What you will do> Could you output the whole listing exactly as it stands, minus any images?

The data>
--

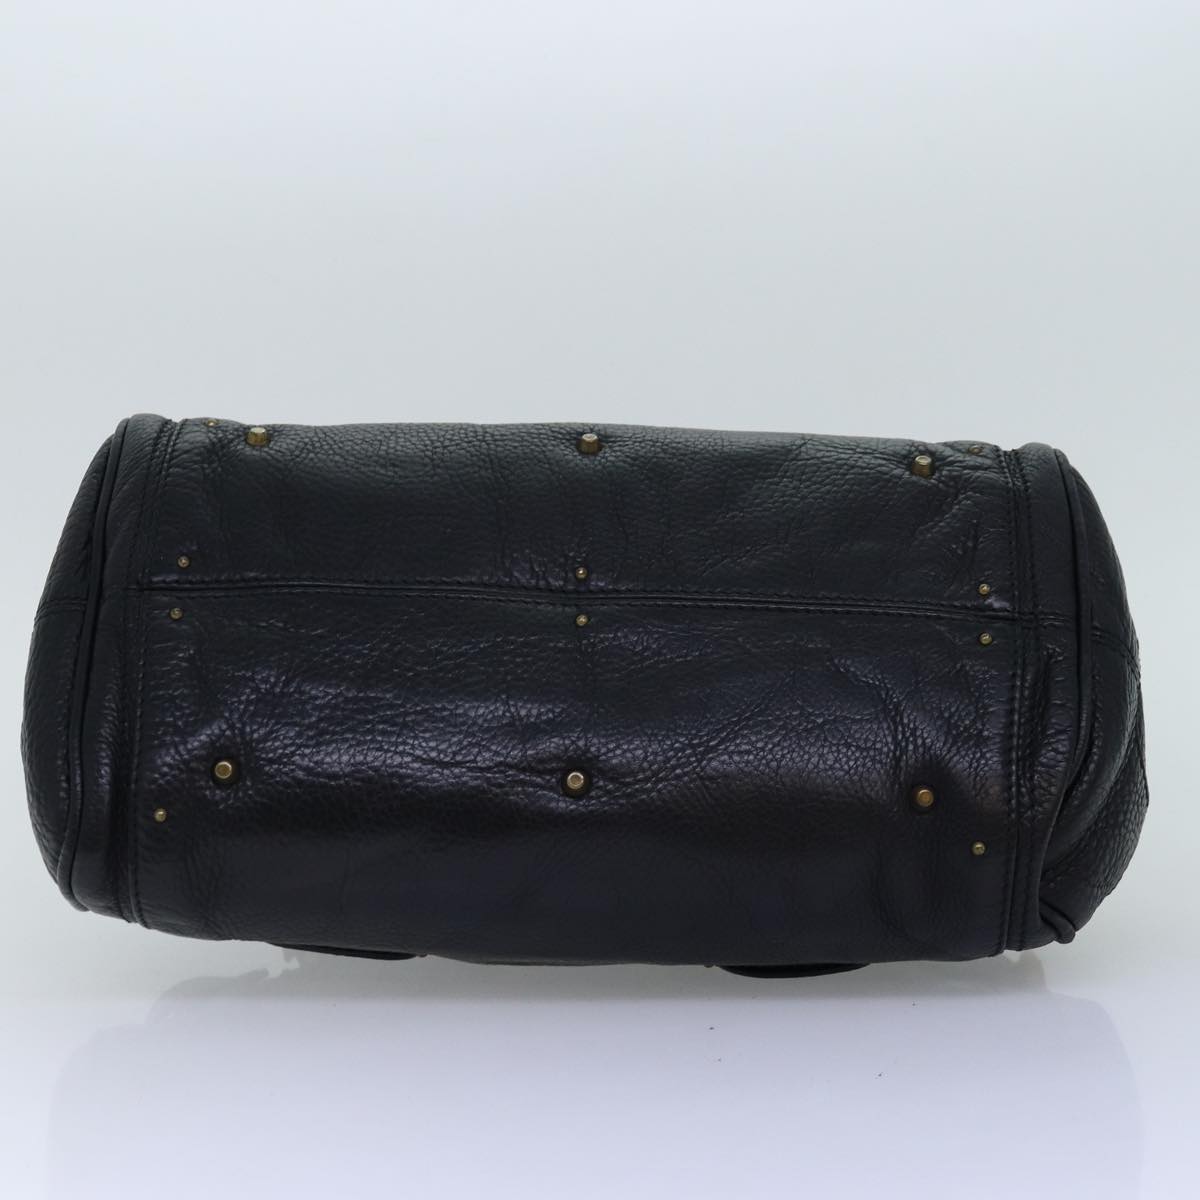 Chloe Paddington Hand Bag Leather Black Auth am6266
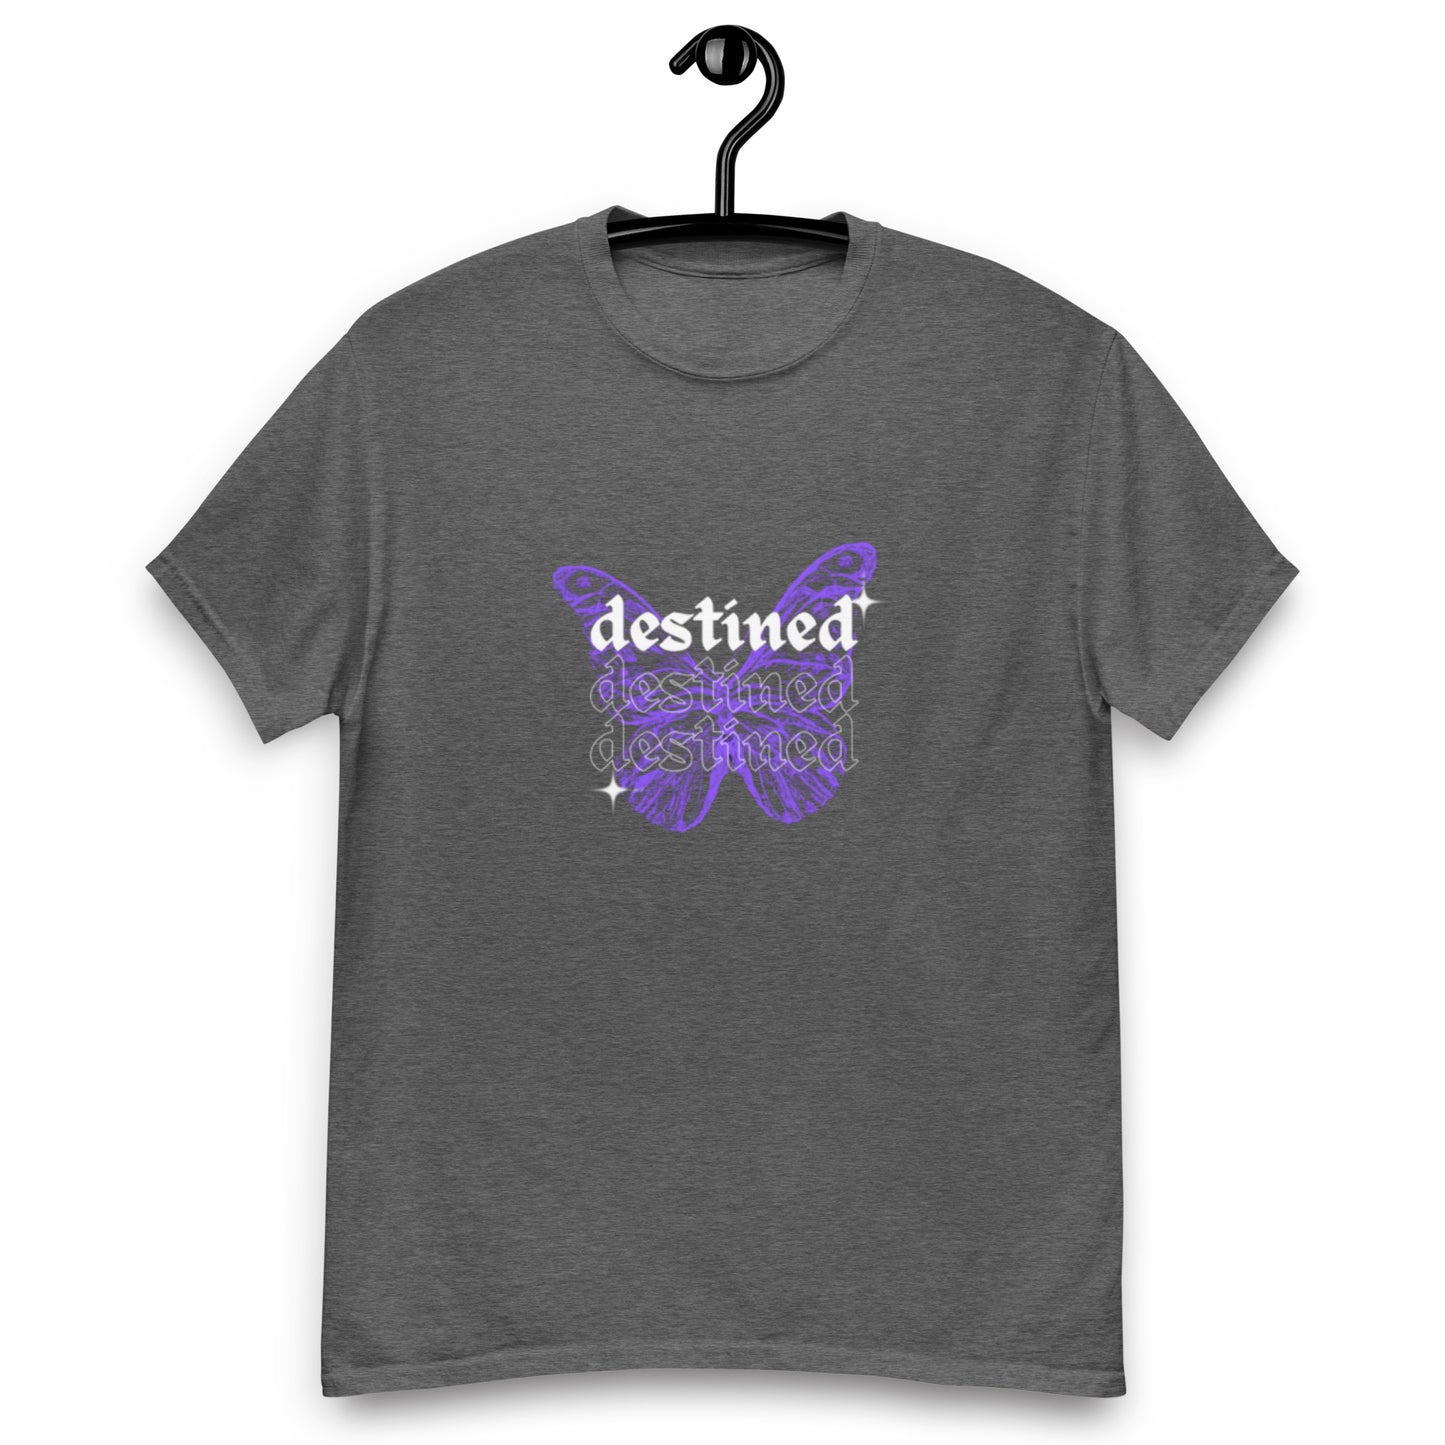 "destined" t shirt
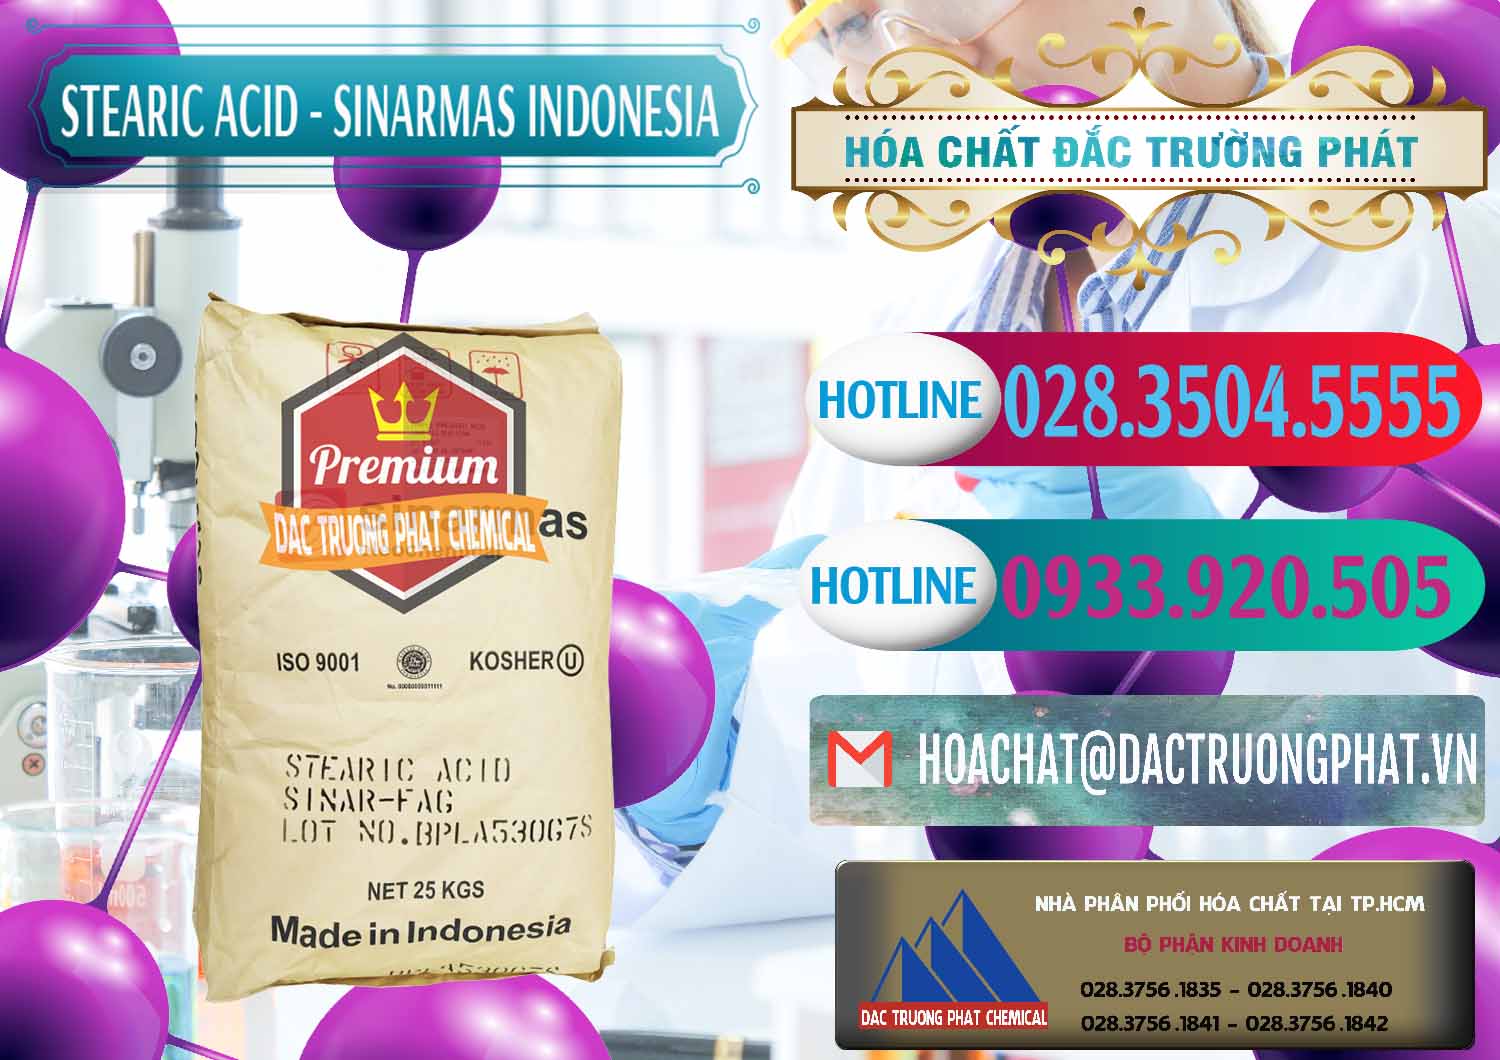 Cty bán & cung cấp Axit Stearic - Stearic Acid Sinarmas Indonesia - 0389 - Công ty chuyên phân phối _ nhập khẩu hóa chất tại TP.HCM - truongphat.vn
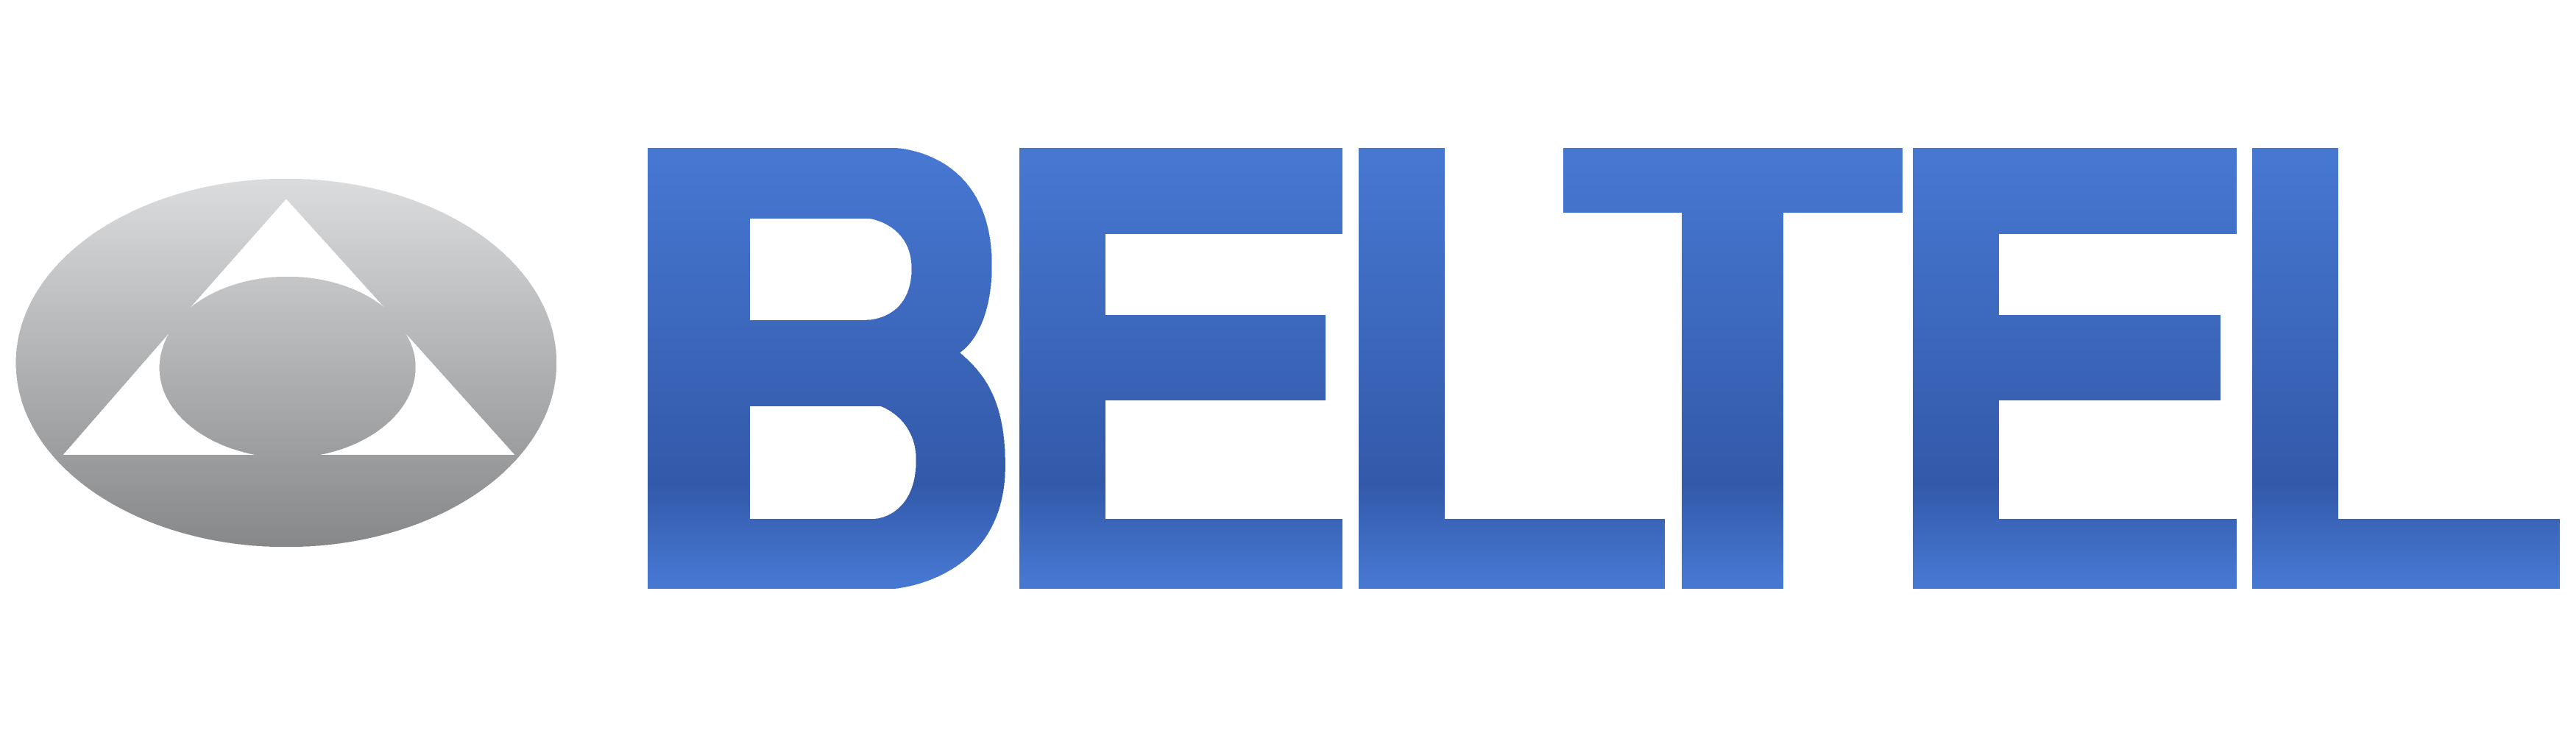 Beltel - Белтел

--

Answer box>
 Chloe Paddington Hand Bag Leather Black Auth am6266
 "destined" t shirt
 Cty bán & cung cấp Axit Stearic - Stearic Acid Sinarmas Indonesia - 0389 - Công ty chuyên phân phối _ nhập khẩu hóa chất tại TP.HCM - truongphat.vn
 Beltel - Белтел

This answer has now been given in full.